Le respect mutuel dans le métier du chien

Je ne fais pas ce métier pour faire la morale aux clients. Je fais ce métier pour aider les clients à mieux comprendre leur chien et à en avoir le contrôle en toutes circonstances.

Beaucoup de mes collègues affichent des images avec nombre de X rouges pour signifier qu’ils n’utilisent pas tel ou tel type de collier. Je ne base pas ma publicité sur l’utilisation d’un accessoire en particulier (clicker, licou, harnais…) ou sur le fait que je n’emploie pas un outil spécifique (étrangleur, pics, chocs…). J’explique au client que l’important se trouve dans la relation et non dans un quelconque accessoire à la mode ou à bannir.

Que faire quand un client me téléphone pour me demander si j’utilise un étrangleur? J’explique que ce n’est pas l’outil utilisé qui détermine le résultat. Que le chien doit d’abord développer sa confiance en lui pour être bien dans ses poils et que son propriétaire doit apprendre à communiquer avec lui et établir un lien ancré dans le respect mutuel.

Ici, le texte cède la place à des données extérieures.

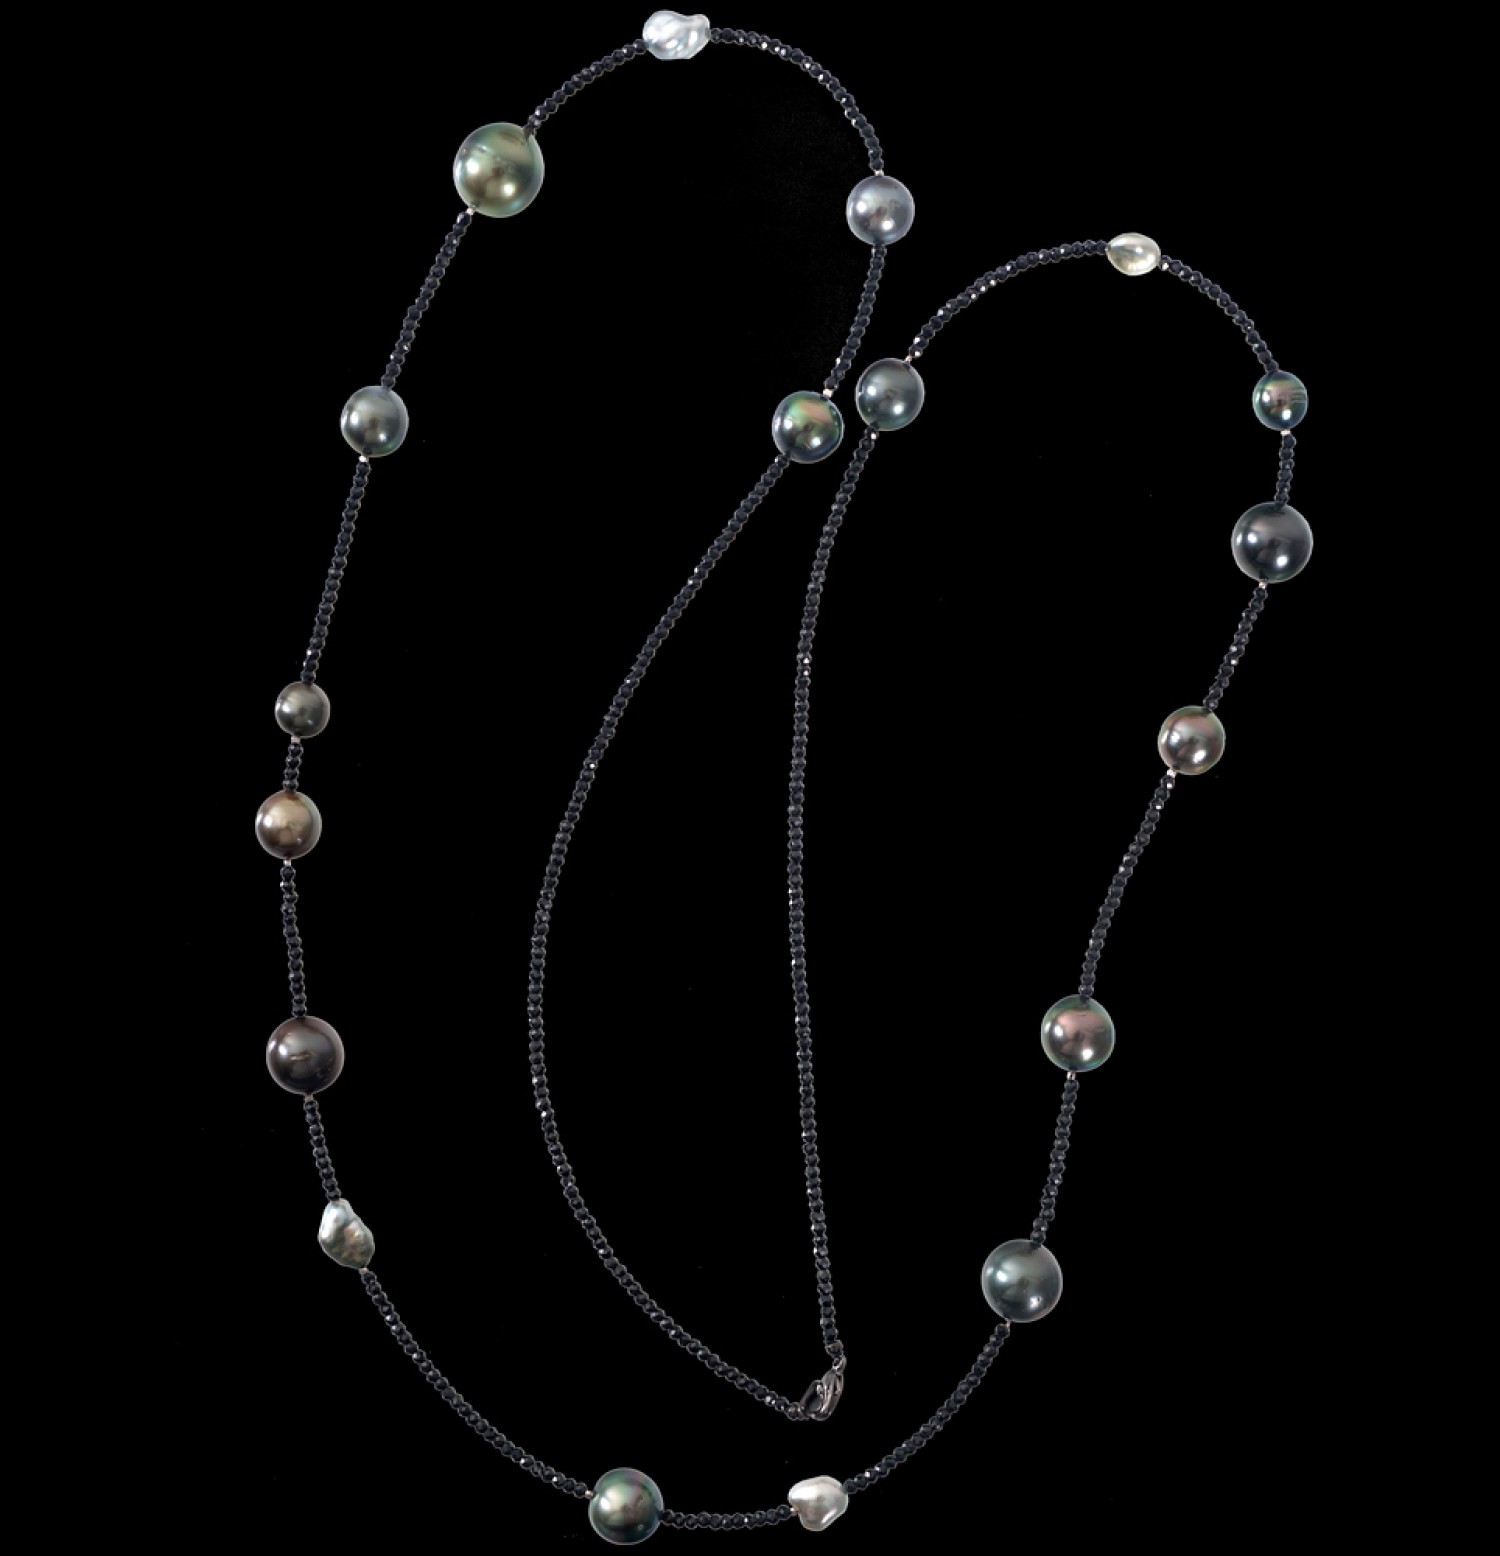 Antique Jewellery » Tahitian Pearl and Spinel Opera Length Necklace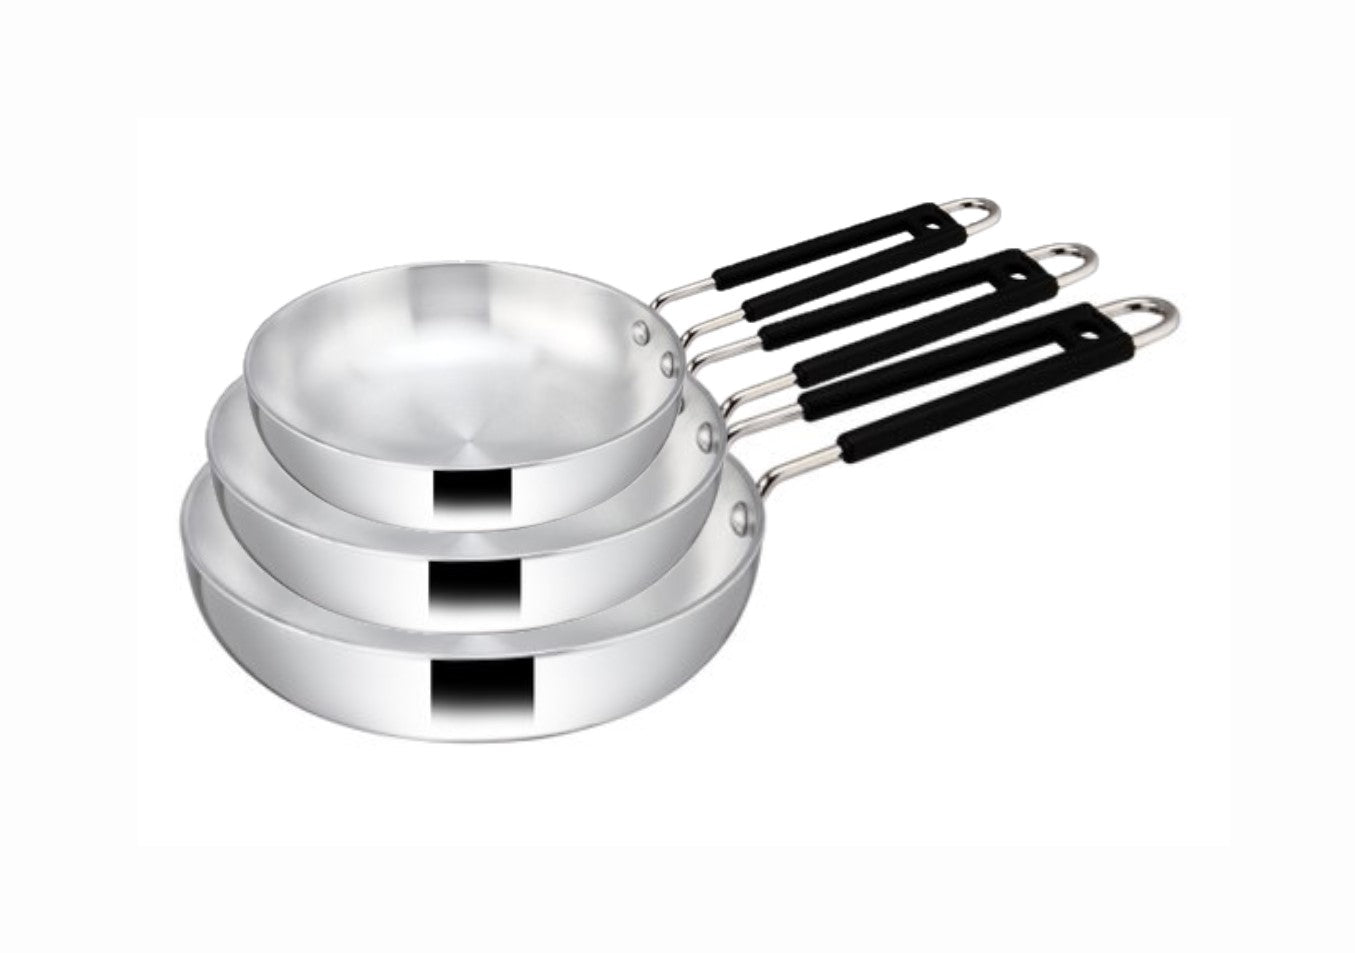 3 PC Aluminum Fry Pan With PVC Wire Handle

Que faire quand un client se présente dans mes cours avec un étrangleur dans le cou de son chien? Quand un client tient fermement à utiliser cet outil, je préfère lui enseigner à l’utiliser correctement et le moins possible… que de lui faire la morale et de le voir déguerpir pour aller consulter un professionnel qui aura des méthodes beaucoup plus coercitives que les miennes. Dans la majorité des cas, au fil des semaines, je vois le client changer son approche et il n’est pas rare que l’étrangleur finisse ses jours au fond d’un tiroir.

Je ne juge jamais l’outil ou l’accessoire utilisé. J’observe le comportement du chien. Démontre-t-il des signes d’inconfort réel? Le chien a-t-il une attitude basse, ou est-il alerte et confiant malgré la présence d’un outil « banni » par la nouvelle génération d’entraîneurs? Encore une fois, je me fais l’avocate du diable.

Quand un chien démontre des signaux d’alerte (attitude basse, urine, plainte, léchage des babines, regard détourné…) à l’utilisation de l’outil, on doit changer d’accessoire!!!! Mais, si le chien reste calme, confiant, enjoué… en quoi l’étrangleur (ou autre collier) peut-il être caractérisé d’outil de torture?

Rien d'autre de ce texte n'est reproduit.